I did not initially understand my compulsion to make these paintings or my attraction to boxes and drawers but I am getting closer.  Throughout the next few weeks and months I hope writing in this blog will help to solidify my understanding of my own psychological interests in compartmentalization and containment, outline a clear course for further exploration of these themes, and perhaps even make a compelling case that something as seemingly banal as an old box can also be endlessly extraordinary and deep.

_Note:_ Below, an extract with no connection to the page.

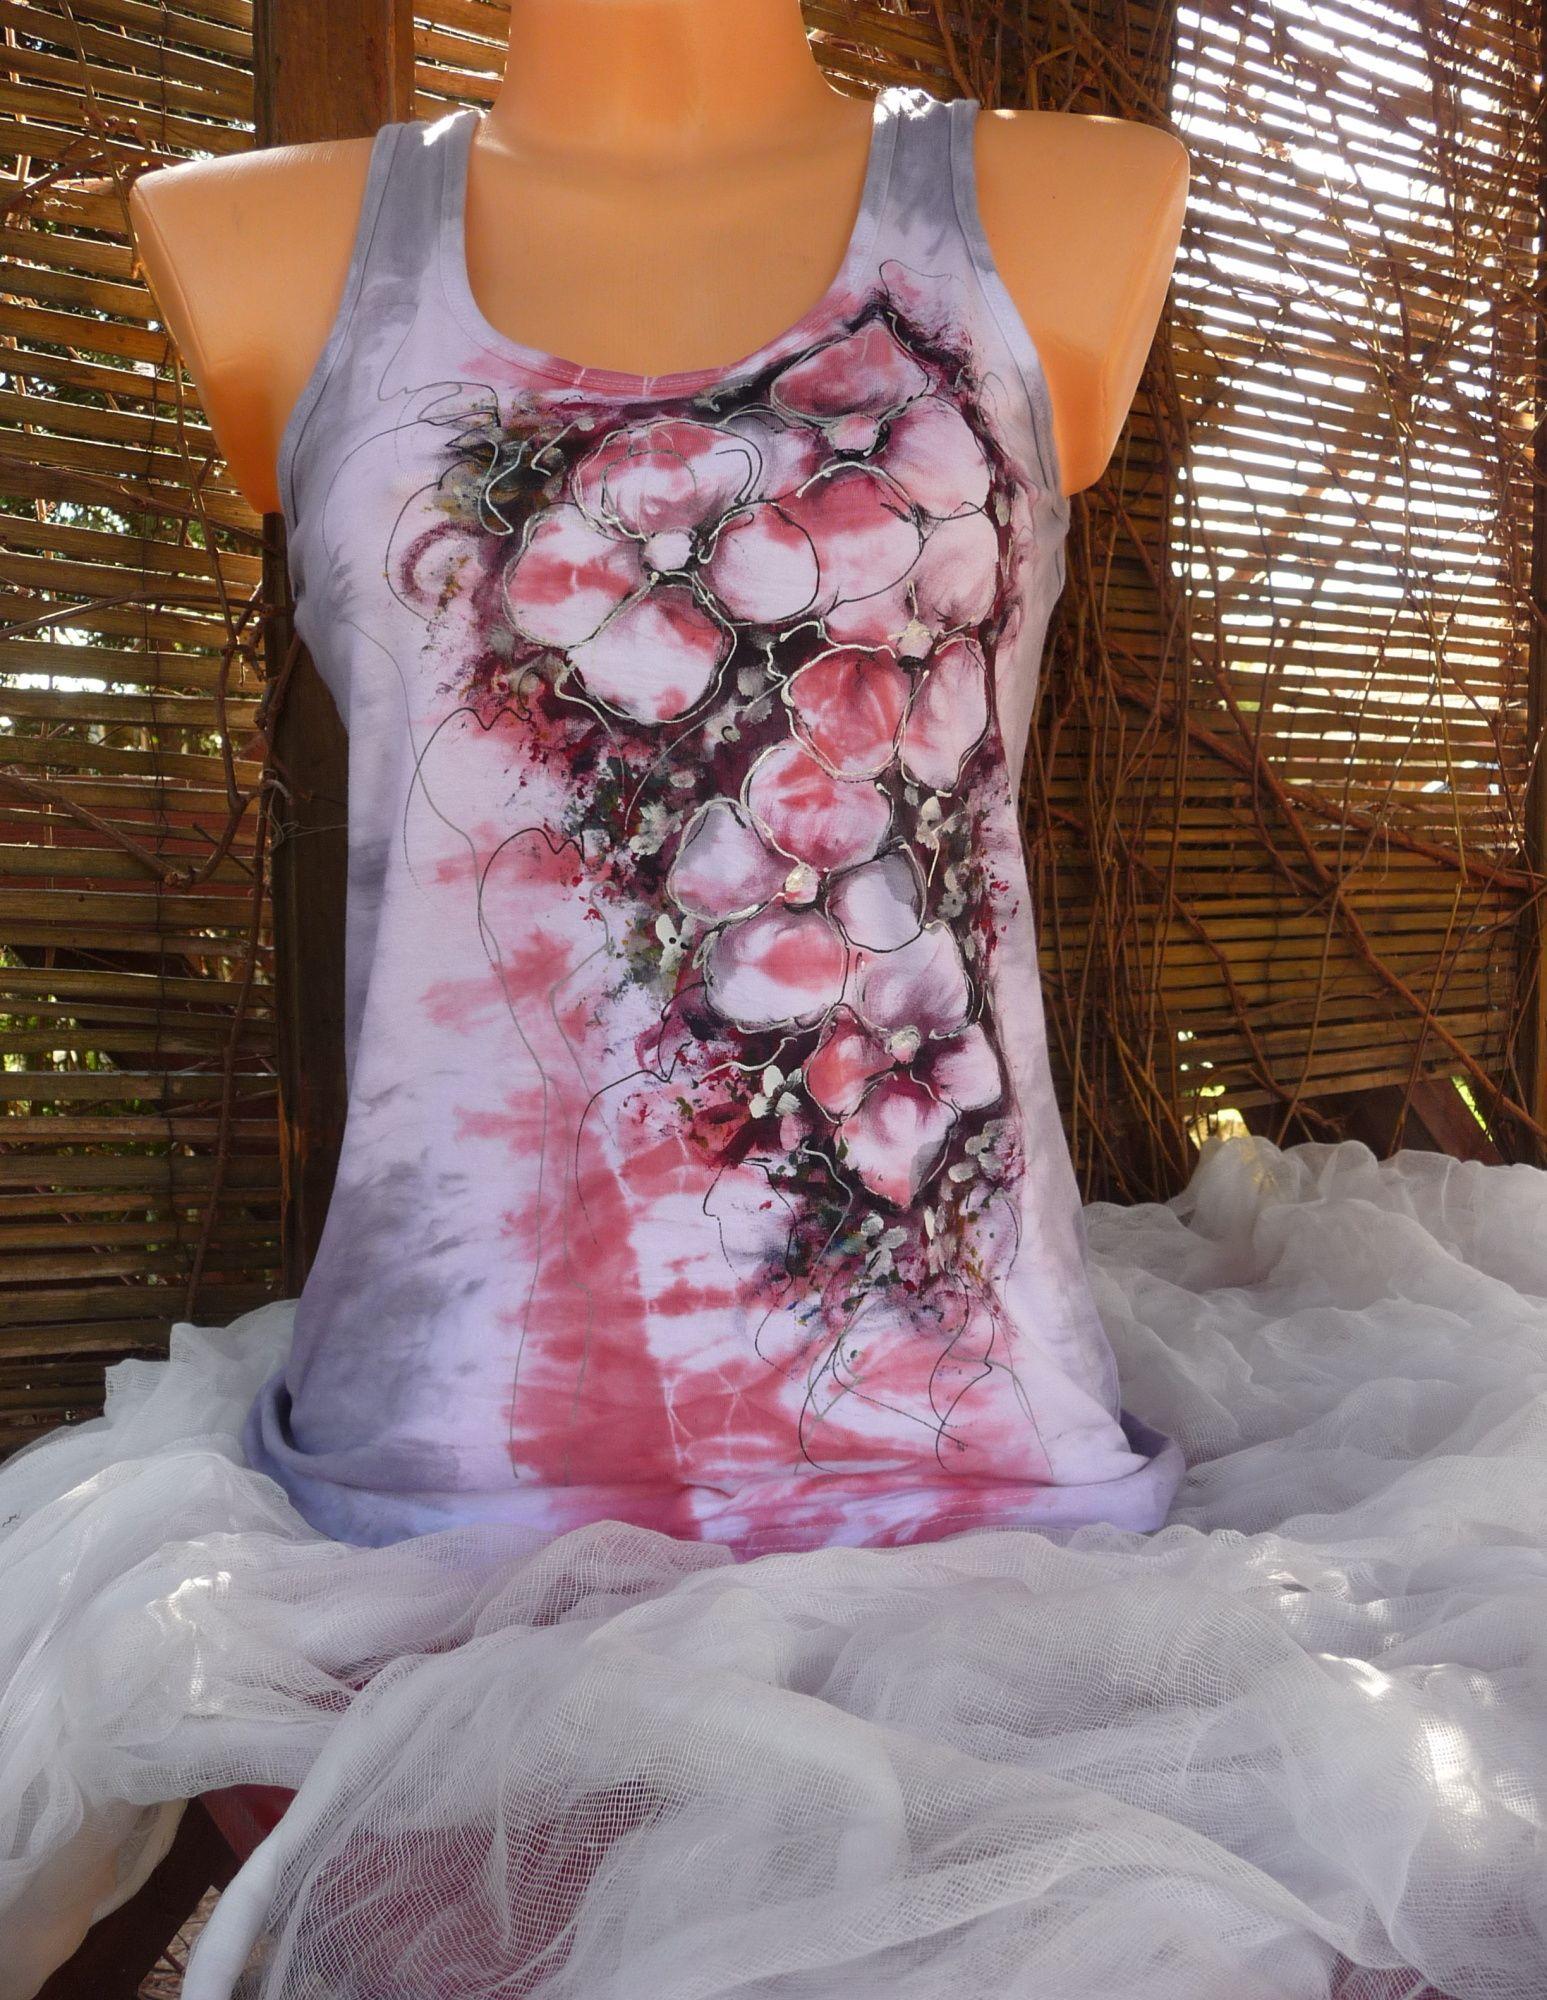 e7ca54ac48b Dám.tílko.růžovo-šedé s květy(L) Ručně malované tílko. Vel. uvedená  výrobcem L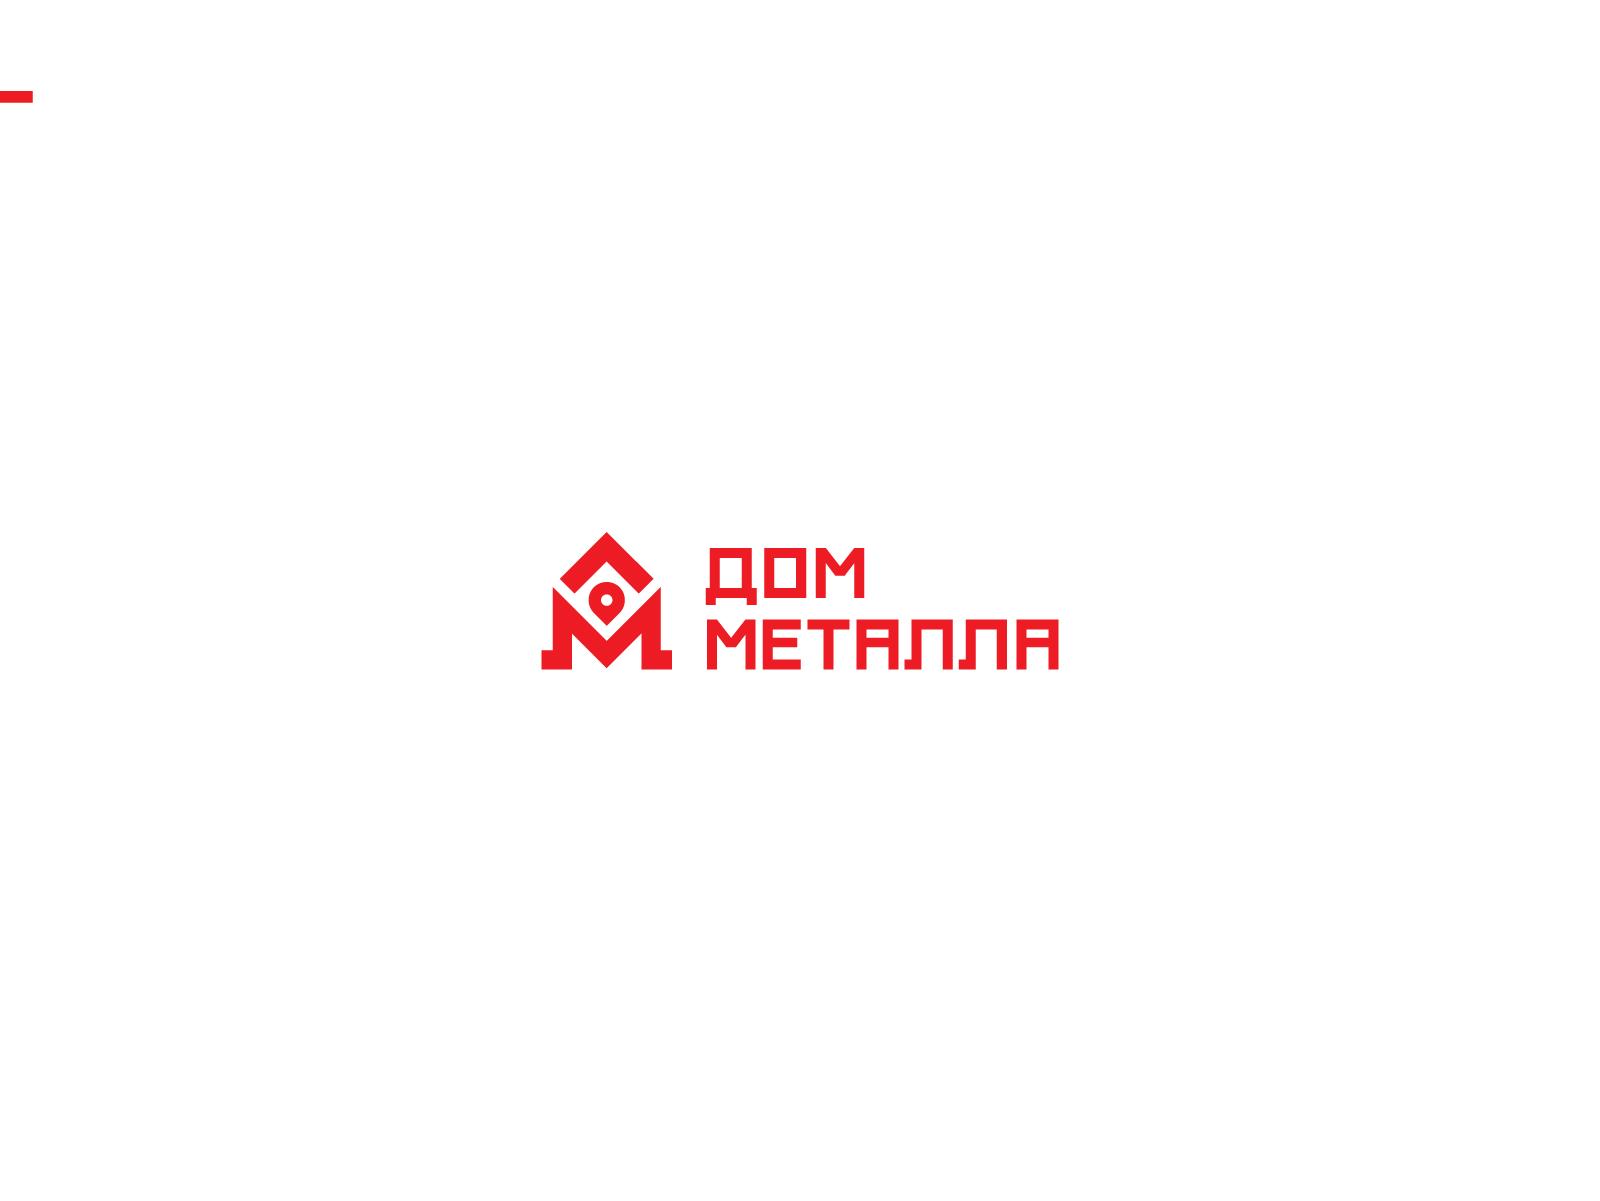 Разработка логотипа фото f_9495c59a5586c6ed.jpg

some initial somewhat random thoughts about boxes and stacks of boxes:

  • a box has two states: open and closed.  Open and closed can be thought of as a metaphor, the yin and yang of our experience of the universe.  people, paths, goals, spaces, personalities, impulses, stores, homes, windows, compositions, melodies, sentences–many many things can be open or closed.
  • a box is containment, means containment.
  • we were born in a contained state.  the womb is a box.
  • containment is safety; containment is also imprisonment.
  • the box is a metaphor for our minds.
  • the mind is often conceived as having compartments for different functions.
  • a pragmatic understanding of the universe is only possible when we shut ourselves off to the reality of interconnectedness, preferring organizational strategies that draw lines around seemingly disparate phenomena, placing these phenomena in imagined compartments and boxes.
  • a box can conceal that which should not be seen. thus,
  • a box holds secrets
  • a lock on a small box is absurd, since the box can simply be stolen.  thus,
  • locks on small boxes (especially decorative locks) are an expression of our cultural reverence for our small treasures and our secrets
  • “all these weird creatures who lock up their spirits…and live for their secrets” -Radiohead (lyrics from “Subterranean Homesick Alien”about potential alien observations on humans)
  • For psychologists, compartmentalization is useful mechanism to hold opposing viewpoints within the same mind.
  • for social scientists compartmentalization may involve the division of labor. the industrial revolution as well as mechanical time and other kinds of new systems that have imposed radical fragmentation and separation of aspects of daily life.
  • fragmentation has become our natural condition
  • “defrag” is to defragment a hard drive–to move components (imagined as cubes) and to pack them tightly into the same area like stacked boxes
  • perhaps defragmentation as a metaphor could be extended
  • maybe my interest in fragmentation is a manifestation of my own feelings of disconnection from myself, having had to adopt sub identities to exist in the worlds of music and art, to meet the expectations of different audiences
  • a painting is a box.  thus,
  • the paintings, as fragmented representations of information storage, are metaphors for themselves–they (hopefully) synthesize several psychological and sociological themes in creating unified artworks
  • a stack of closed boxes expresses inherent tension between separation and unity
  • a box is more contained than a drawer because it can be solitary
  • a single removed drawer should read as lonelier than a single box, since singular is an unnatural condition for a drawer
  • boxes are tiny museums,
  • mummy memories,
  • undead documents, periodically reincarnated
  • “…there will always be more things in a closed, than an open, box.  To verify images kills them, and it is always more enriching to imagine than to experience.”  – Gaston Bachelard, The Poetics of Space

more to follow.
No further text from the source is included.